Indeed, Backcountry.com may appear to be a thriving online retailer. But just as importantly, it's also a software developer, with a fully staffed IT department constantly working to improve the company's tech infrastructure. Doing both things at once is not easy. Backcountry pulls it off thanks in large part to open-source software. Not only are such applications substantially cheaper than traditional, licensed products (they're often available for free), but with open-source applications, the software code is freely available, allowing users to engage in endless customization. "If you have new ideas, ideas that no one has thought of, there is no software off the shelf that's going to suit your needs," says Dave Jenkins, the company's chief technology officer. "That's the beauty of open source."

Companies like Backcountry are just now starting to recognize the other benefits of owning your own code. Business owners who have bumped up against the functional limitations of traditional, one-size-fits-all software are tapping into the innovative power of open source. With open applications, you can constantly innovate without having to wait for a major vendor like Microsoft (NASDAQ:MSFT) or Oracle (NASDAQ:ORCL) to roll out a pricey upgrade--one that's available to everyone, including your rivals. Businesses can create applications that don't exist commercially and are specifically tailored to their own needs. "This is really starting to take off in small business," says Raven Zachary, senior analyst and open-source practice head at the 451 Group, a research firm. "Cost savings still remain the No. 1 attraction, but we find that after they have implemented the software, the primary benefit becomes flexibility."

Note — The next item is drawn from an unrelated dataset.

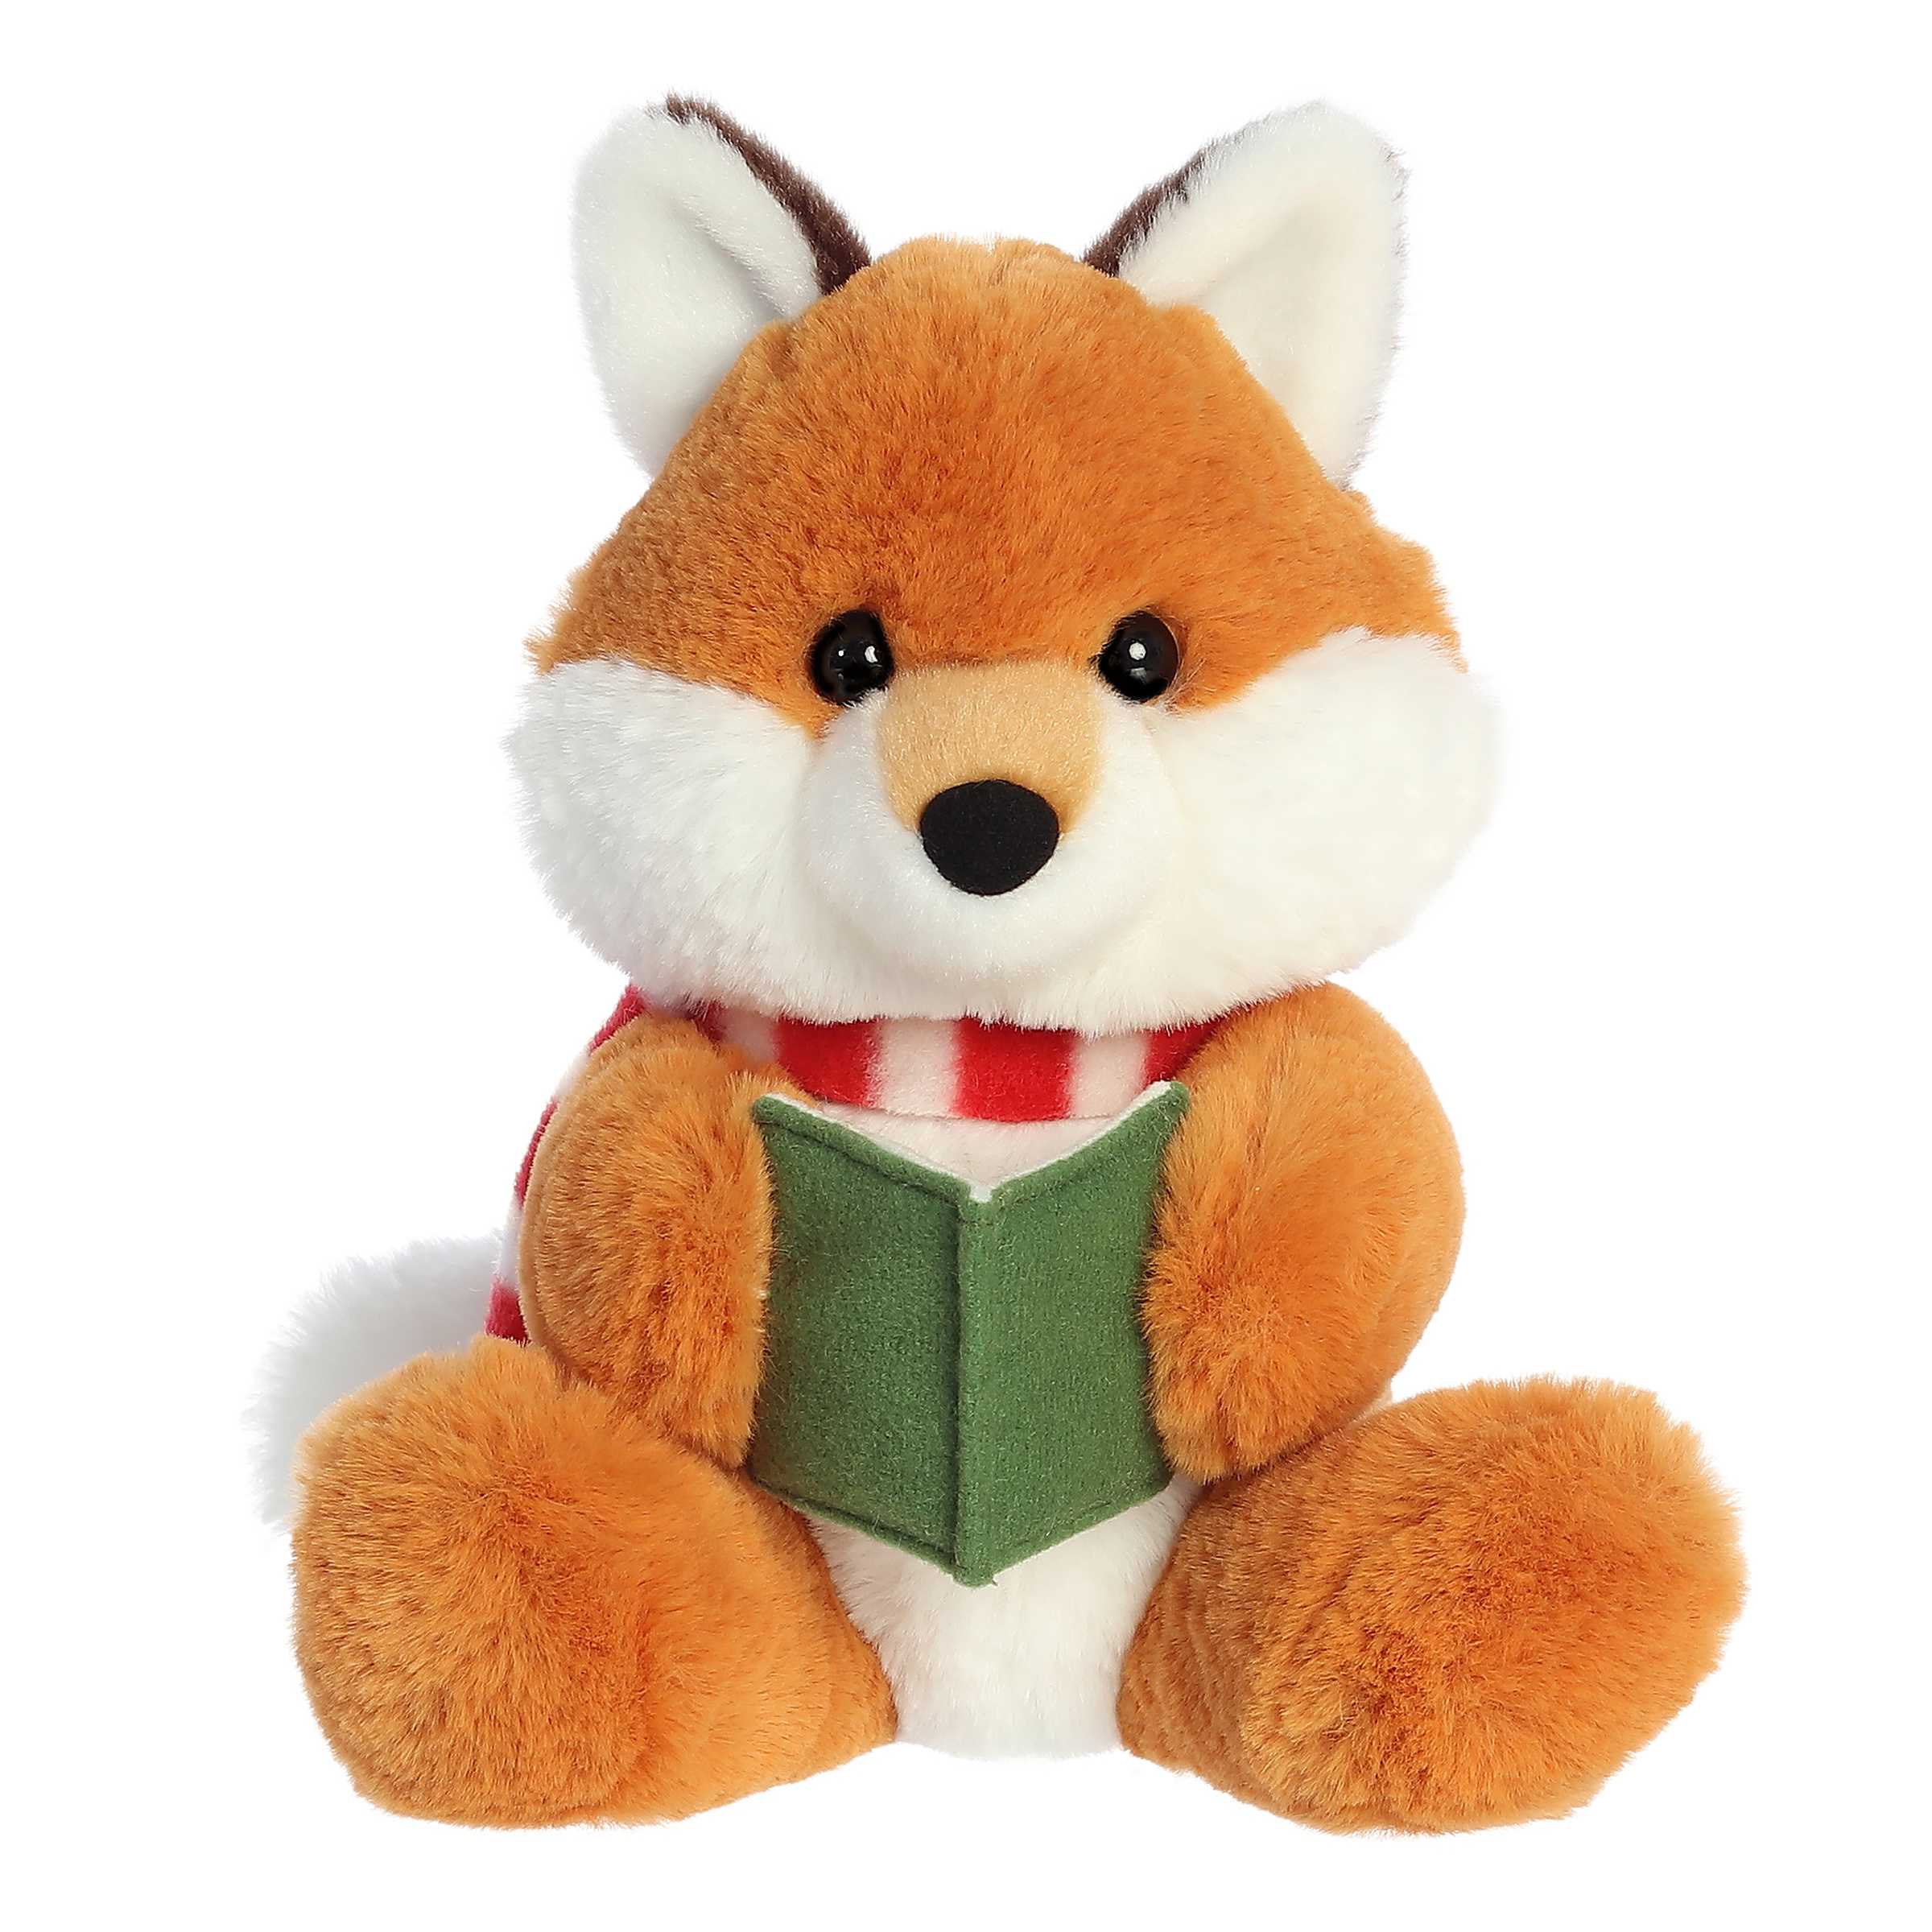 Adorable orange fox stuffed animal wearing a cozy red and white striped scarf and holding an open green songbook

But choosing the open-source path can make substantive changes to the nature of a company. It requires a real commitment to maintaining a staff of first-rate developers because there is no customer service rep an 800 number away. "One way or another you have to understand the technical side if you're going to be on the Internet," says Backcountry co-founder and president John Bresee. "I work closely with the developers, probably more closely than they would like."

As a kid growing up in Vermont, Bresee hung around the computer center at Dartmouth, chatting on primitive, paper-based terminals with Coast Guard technicians over Darpanet. Then during the dot-com boom, he hooked up with a wireless e-commerce company called Cellmania, a classic Silicon Valley start-up with $20 million of VC backing behind it.

As director of e-commerce at Cellmania, and nursing a nascent Backcountry.com at night and on weekends, Bresee was in a rare position to go to school on the mistakes of his deep-pocketed employer. "I was watching them spend money on these massive e-commerce platforms, with $300,000 licensing fees and all this complexity," he says. "So during the day I was learning what not to do, and at night I was applying the lessons to Backcountry.com."

When he began devoting himself full time to Backcountry.com in 2001, Bresee knew the company, by then bringing in about $3 million a year, would need to invest in a real e-commerce platform. Price was certainly among the factors that Bresee considered during his search, but more important to him was the ability to control the code. There were a number of reasons that owning the code was deemed critical.

First, Bresee wanted to be able to build the e-commerce site so that each individual page could be found easily by search engines. Google was just starting to catch on in 2001, and Bresee knew it would be a powerful tool for selling on the Web. He had seen how other e-commerce sites served up convoluted URLs that were difficult to bookmark and search. Second, the ability to make quick changes to the site was critical for Backcountry. Bresee knew that kayaks and skis, products that customers like to touch and feel, were a tough sell on the Web. He knew his site would have to innovate and adapt quickly to market trends to compete with the big retailers such as REI and Eastern Mountain Sports. Finally, the dot-com bubble was beginning to burst. Bresee wanted to avoid going with a software vendor that might suddenly evaporate when the venture capital money dried up. And the company couldn't afford any of the big e-commerce platforms from more stable companies such as IBM or Microsoft.